→ What is required
Please give the whole listing again exactly, without any of its pictures.

→ Collected material
BEGIN

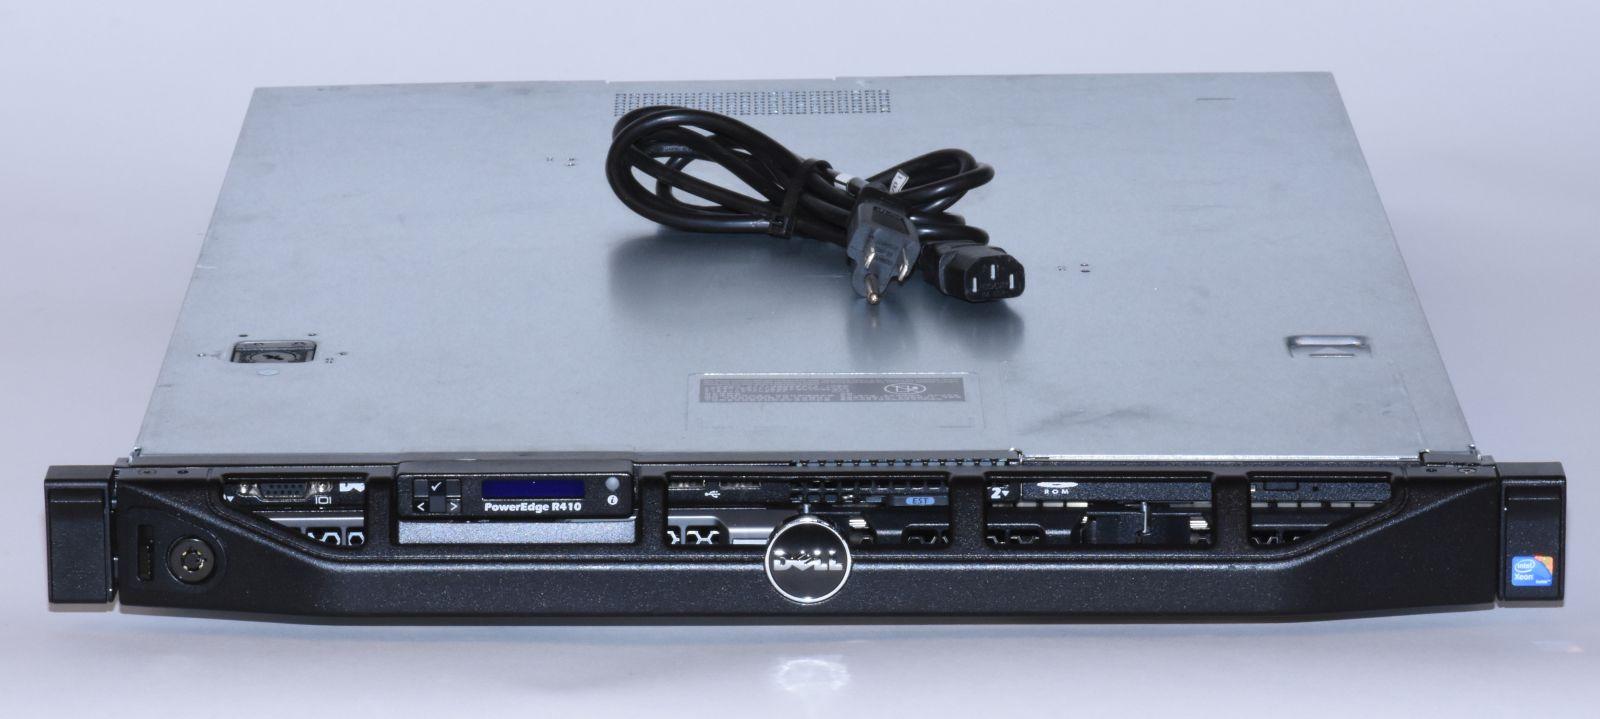 dell poweredge r410 1x intel xeon e5640 2 66ghz quad core
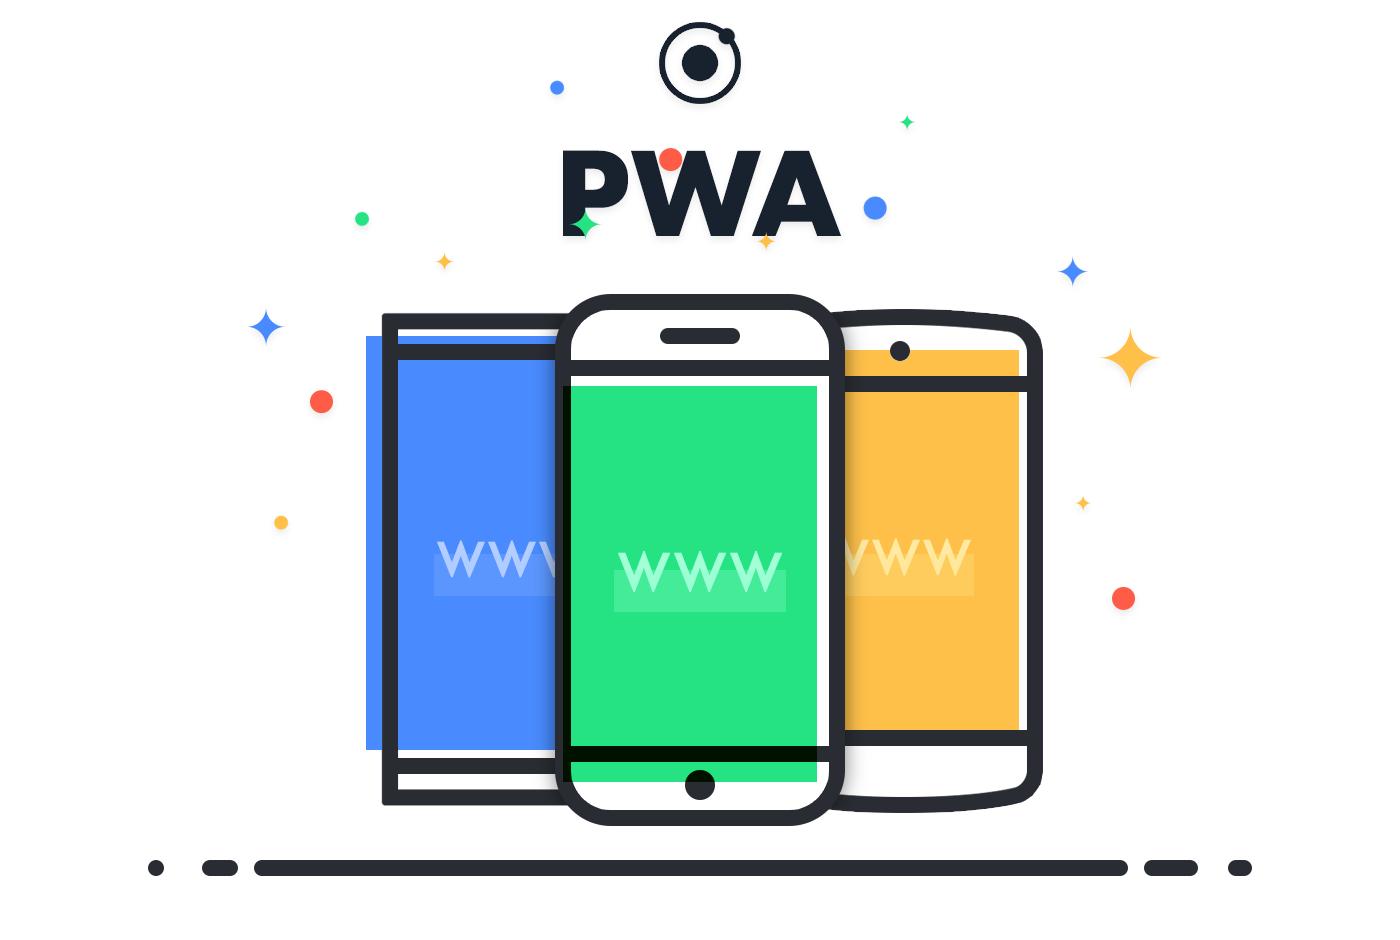 اپلیکیشن pwa چیست
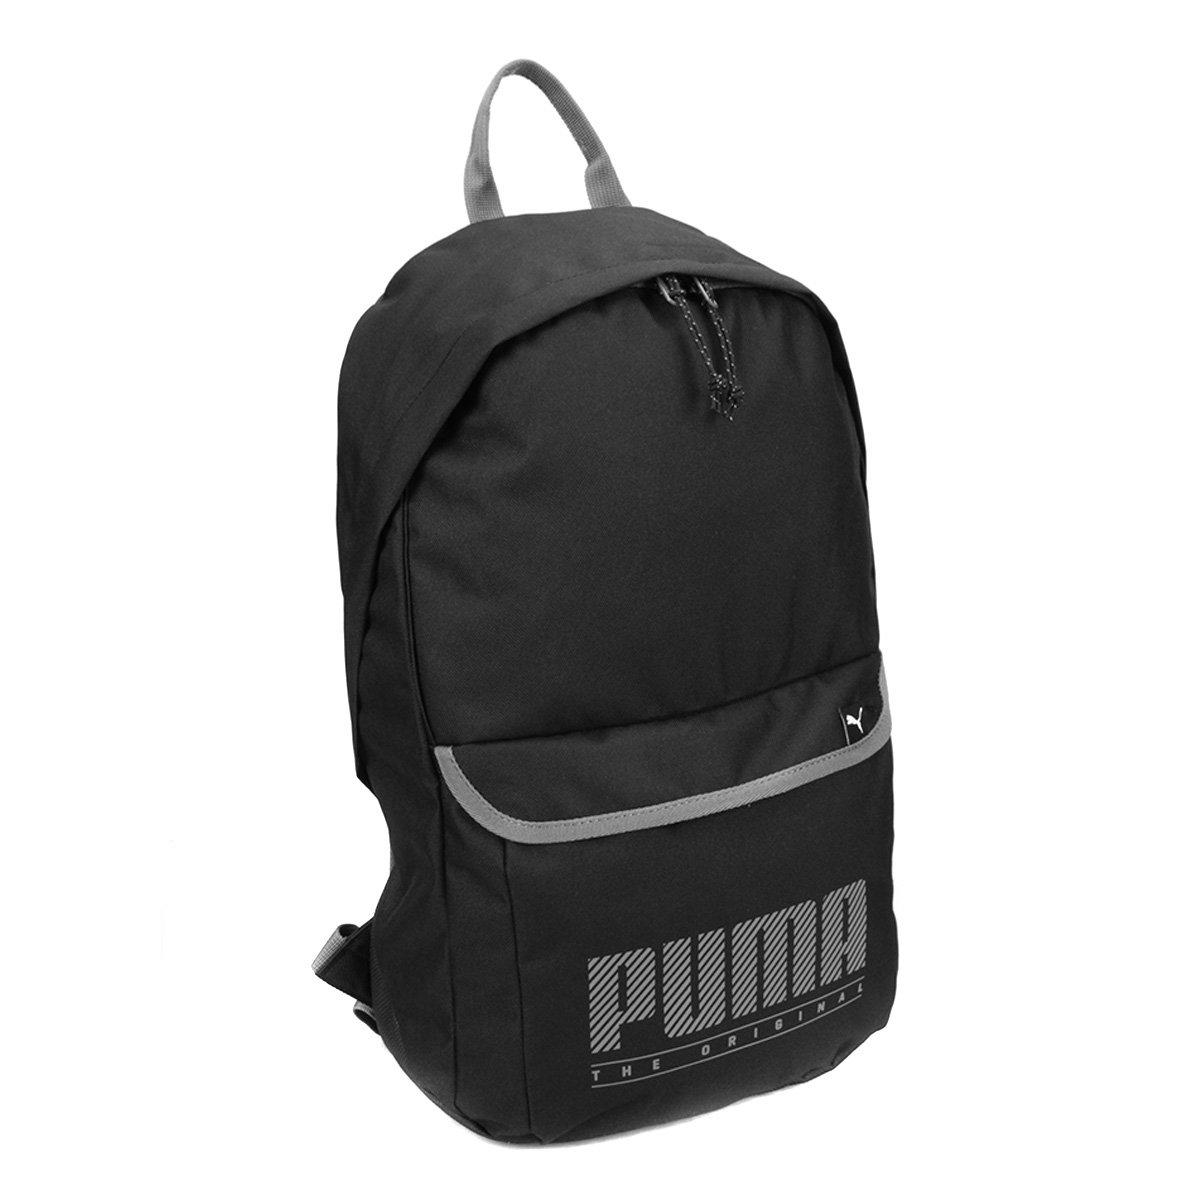 Mochila Puma Sole Backpack - Preto - Compre Agora  36d30c206ad21

END

→ Output
 dell poweredge r410 1x intel xeon e5640 2 66ghz quad core
 اپلیکیشن pwa چیست
 Mochila Puma Sole Backpack - Preto - Compre Agora  36d30c206ad21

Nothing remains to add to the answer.